Каботажное плавание
Шрифт:
Вскоре мы подружились с переводчиком, и он поведал нам свою историю. Он жил себе тихо и мирно, учил детишек в школе, и вот однажды на рассвете — оторопь, ужас, холодный пот. К нему вломились агенты госбезопасности, схватили и увезли, ничего не объясняя. Наша просьба достать человека, владеющего французским языком, поставила монгольские спецслужбы на уши, начались лихорадочные поиски, весь Улан-Батор перетряхнули, перевернули вверх дном, и вот наконец некая сотрудница Национальной библиотеки сообщила о том, что вот есть такой скромный и незаметный гражданин, школьный учитель, известный под прозвищем «француз» именно потому, что посвятил себя изучению этого языка.

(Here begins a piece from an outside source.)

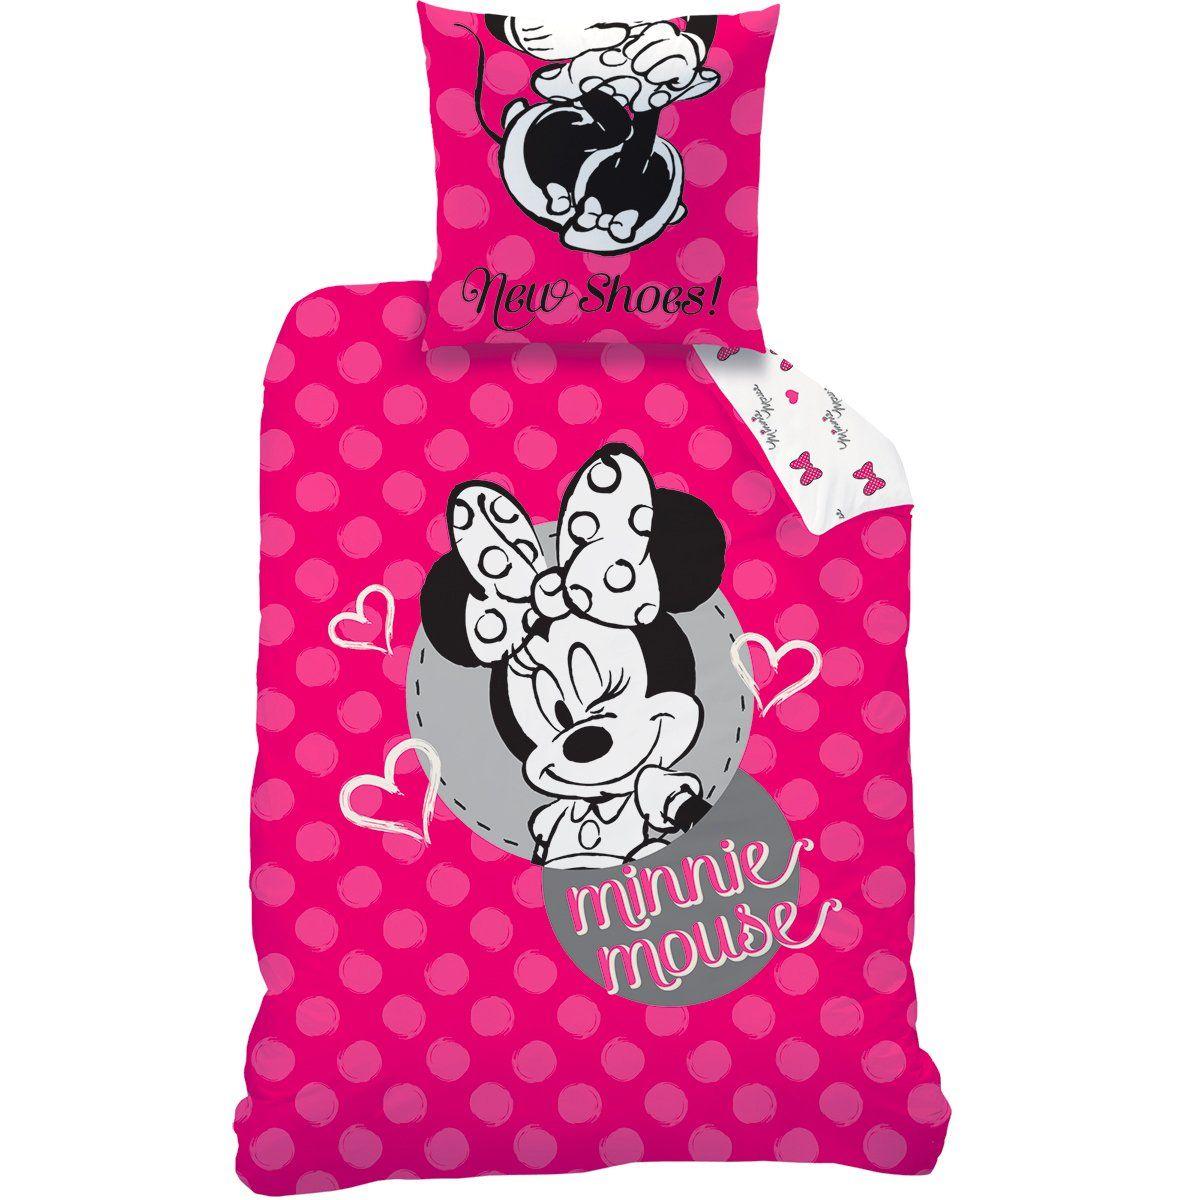 Disney Minnie 044851 New Shoes Rosa Bettwasche Baumwolle

К несчастью, я не
Вообразите, он в одиночку, без учителей и учебников, овладел французским, которым пленился, слушая передачи Всесоюзного радио. Он раздобыл в библиотеке французскую грамматику, вскоре затверженную от корки до корки наизусть, и три книжки — «Три мушкетера», «Граф Монте-Кристо» и какое-то сочинение о винах и сырах. Он читал их и перечитывал десятки раз, научился отличать д’Артаньяна от камамбера, Рошфора от рокфора, запомнил самые знаменитые марки бургундского и бордо. И продолжал каждую ночь слушать советское радио — не пропустил ни одной передачи.
В то раннее утро, когда политическая полиция увезла его неведомо куда, он чуть не умер от страха — подумал, что все кончено. Доносы, аресты и процессы — расхожая монета сталинизма — давно уже были в странах народной демократии в большом ходу. Стали расспрашивать про его интерес к французскому — и он понял, что, изучая его, совершал тяжкое преступление против партии и отчизны. Чистосердечно признался во всем.

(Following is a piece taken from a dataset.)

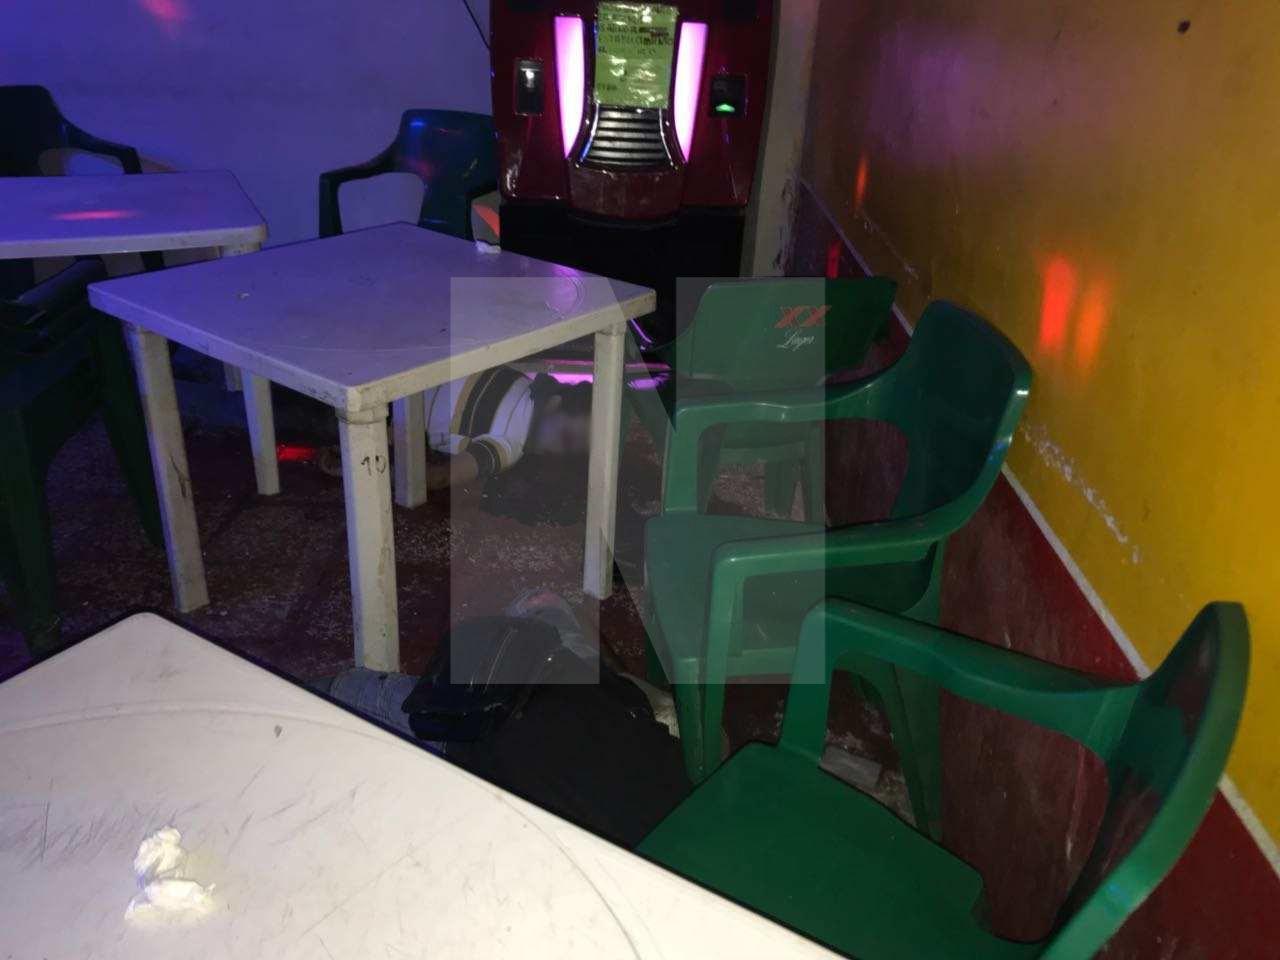 Ejecutan a dos y lesionan a varios en un bar de Cancún

К несказанному удивлению «француза», его не препроводили в тюрьму, а переодели в европейское платье — в брюки он еле влез, пиджак жал под мышками, был тесен в груди и не застегивался — и отвезли в Центральный Комитет, где ему дали задание: работать переводчиком при знатных иностранцах — лауреате Сталинской премии, знаменитом поэте с Кубы и их женах. Все происходило в страшной спешке, поскольку уже близился час встречи во Дворце правительства. Его поволокли в гостиницу и в дверях сдали с рук на руки министру культуры.
Так началаcь его карьера: он стал переводить с монгольского на французский речи членов правительства, секретарей ЦК и прочего начальства. Надо заметить, что его тихое «bonjour» при встрече с нами было первым словом, которое он произнес по-французски. До тех пор — никогда, нигде, ни единого. Вот какая невероятная история случилась в Монгольской Народной Республике в феврале 1952 года, когда я был там с Зелией и четой Гильенов.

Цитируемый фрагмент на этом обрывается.